In the multitude of their transgressions
thrust them out,
The basis on
which David makes these petitions is God’s holiness:
For they are rebellious against You.
They live in
contradiction to the perfection of God, and though they know His ways, they do
those things which are wicked in His sight.
11
But let all who take refuge in You be glad,
Let them ever sing for joy;
And may You shelter them,
The purpose
that David asks that those who take refuge in God be made glad and joyful
through His shelter is:
That those who love Your name may exult in
You.
12
For it is You who blesses the righteous man, O Lord,
You surround him with favor as with a shield.
Because God
is who He is, He loves the righteous and surrounds them with His favor and
blessing. All of those who love Him as He is and trust in Him will be saved,
for He sent His Son to die for their sins. But the wicked will receive
condemnation. He will hold them guilty, let them fall, and thrust them out in
the multitude of their transgressions and by their own devices, since they are
rebellious against Him.
Conclusion
When the
people of the LORD cry out to Him, He hears them and knows their groaning. God
heeds the sound of their cries for help, for He is their King and their God.

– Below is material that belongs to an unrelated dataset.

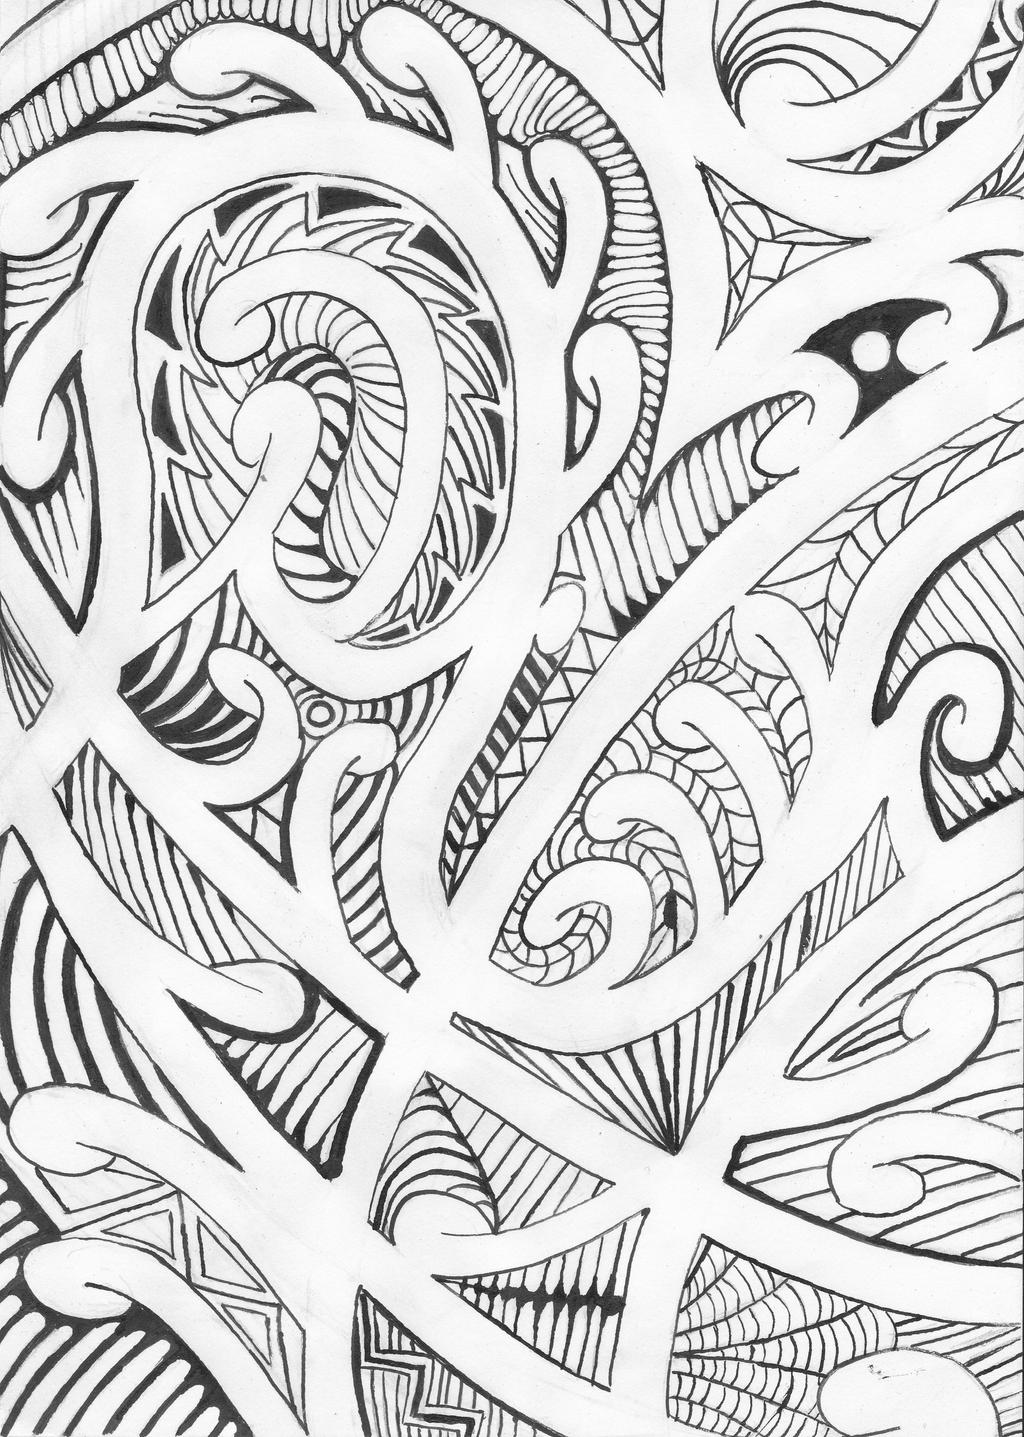 maori art iphone wallpaper - photo #8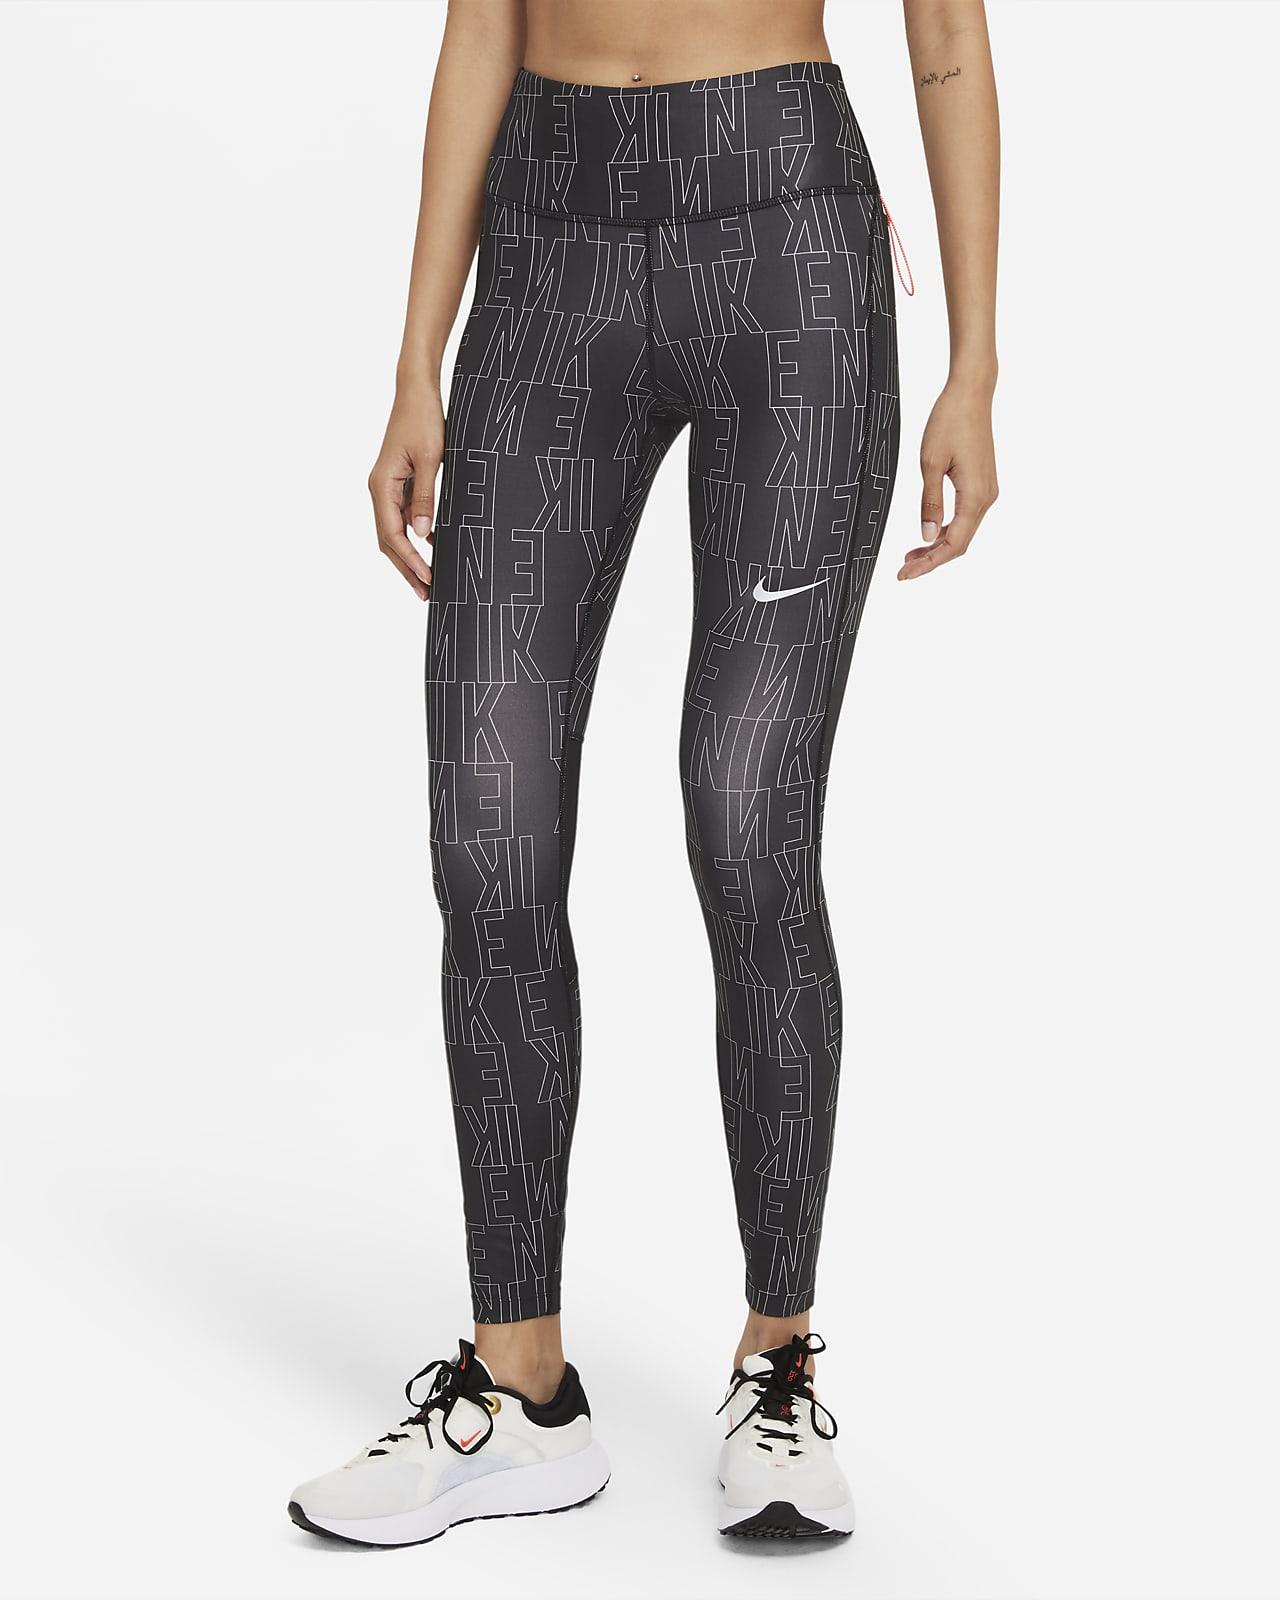 Nike Dri-FIT Run Division Epic Fast Women's Mid-Rise Running Leggings

What a great King He is, for He hears the prayers of His saints. May the church
commit herself to lift up their prayers to Him in the morning and eagerly
watch. O that the church would be devoted to knowing who God is, and what He
desires. O that the church would know God’s holiness and His abhorrence of
evil. Would that the church would despise sin and yearn for the day when it is
eradicated. And O that the church would have its eyes set upon the blessed hope
that God will protect and bring them into His eternal Kingdom.